Statin use and all-cause mortality among prostate cancer patients


Yet another study involving a large number of patients (this one from Taiwan) has again concluded that men with prostate cancer who take statins are less likely to die within a definable time period than men with prostate cancer who are not taking statins.

In this paper, using a population-based cohortapproach, Sun et al. have shown that prostate cancer patients taking a stain wereabout 35 percent less likely to die from any cause that a comparable, matched set of patients with prostate cancer who were not taking a station during the same time period. They state that this effect was observed “among various types of statin, age groups, and treatment methods.”

The study involved a retrospective analysis of data from 5,179 men with prostate cancer who were taking a statin for at least 6 months between January 1, 1998 and December 31, 2010, and an comparable group of prostate cancer patients who did not use any type of statin-based drugs during the study period — randomly matched to the statin-taking patients by age and index date.

Sun et al. also found that, when they looked carefully at the defined daily dose of statins being taken by the “on statin” patients, the low- and the high-dose groups both had significantly decreased death rates compared with non-statin users, suggesting the possibility of a dose-response relationship.

The logic behind this continuing series of findings is not hard to understand. Statin therapy affects risk of death from a series of cardiovascular problems that is far more common than risk of death from prostate cancer.

What we still do not have a good understanding of, however, is whether there is a definable subgroup of prostate cancer patients who are not taking statin therapy (because there is no apparent medical evidence of the necessity) who should be on statin therapy because it will significant affect their overall risk for death.

2 Responses

  1. If only there were a better consensus about who should be taking statins (regardless of cancer status)! About a year and a half ago the ACA released new cholesterol management guidelines that created quite a bit of controversy … because it would result in so many more folks receiving statin prescriptions. I have been on a low dose of statins for at least 10 years (and I am a diligent exercise enthusiast, and aim towards a Pritikin type diet).

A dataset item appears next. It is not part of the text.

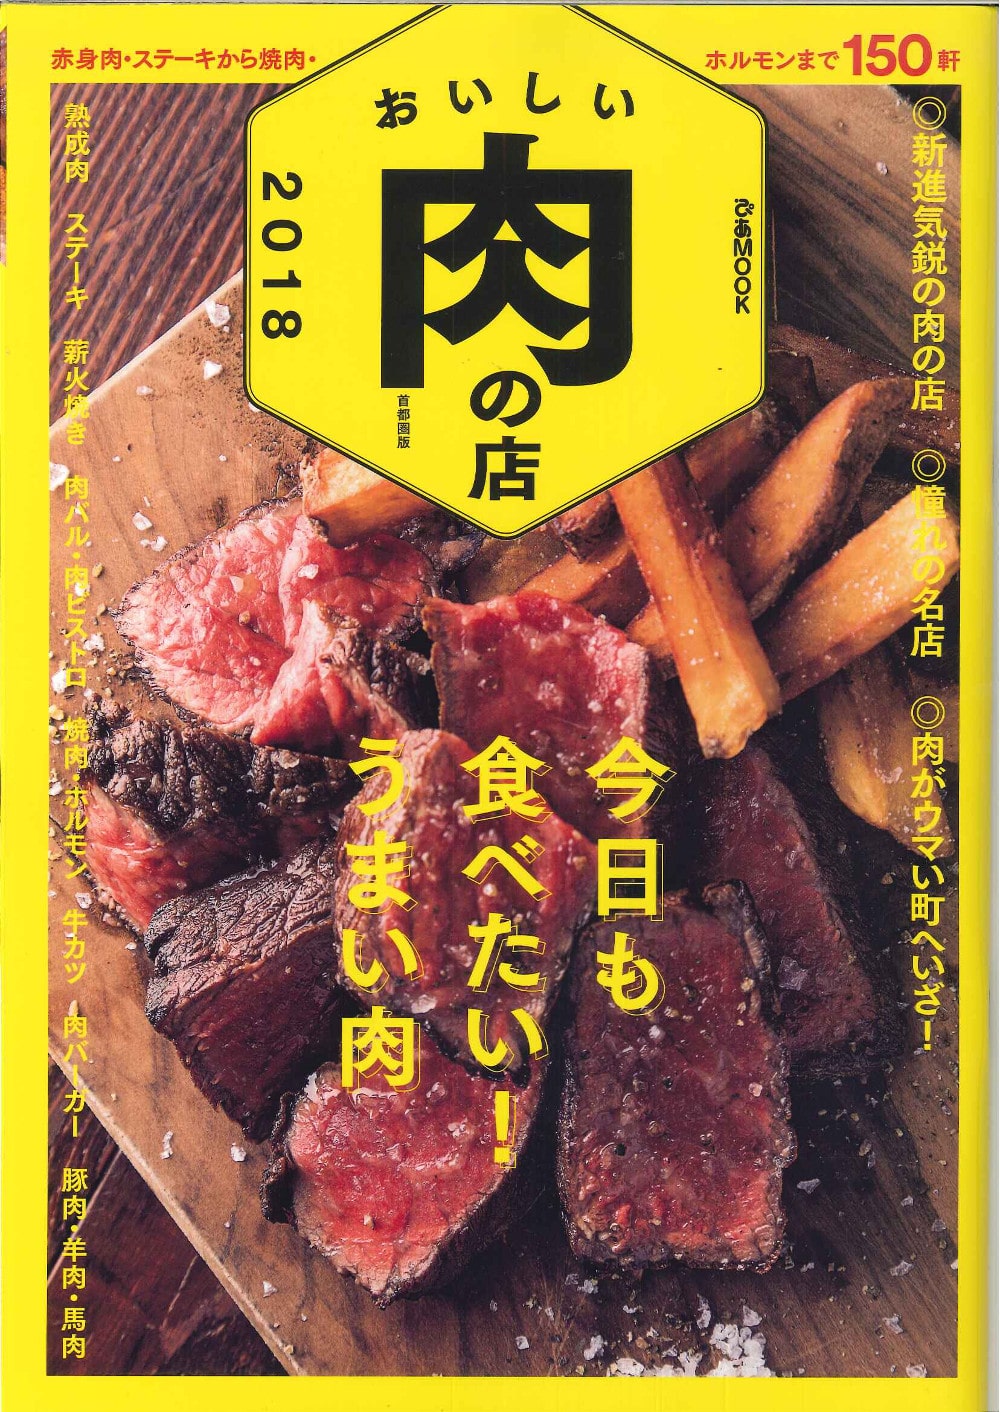 ぴあMOOKおいしい肉の店2018

    After the guidelines came out, my doctor suggested upping my statin dose somewhat (still not high intensity therapy). That did lower my LDL another 10 pts to close to 90. Still, I see quite a bit of disagreement over this, and a lot of talk about the side effects of statins (I haven’t noticed any side effects … but that doesn’t mean I am not experiencing any).

    Really, the same thing goes on in BP targets. For a long while the target was 120/80. Then, those were relaxed, especially for older folks. A new study by the NIH called SPRINT is now suggesting the target should be 120/80 as a maximum for pretty much everybody (which, for some people, would require fairly high doses of three different BP medicines).

    Arrgghh. Tell us what to do, and we’ll do it. Just make you your minds, docs!

  2. Doug,

    And … what about the alleged increase in statin-related diabetes frequency?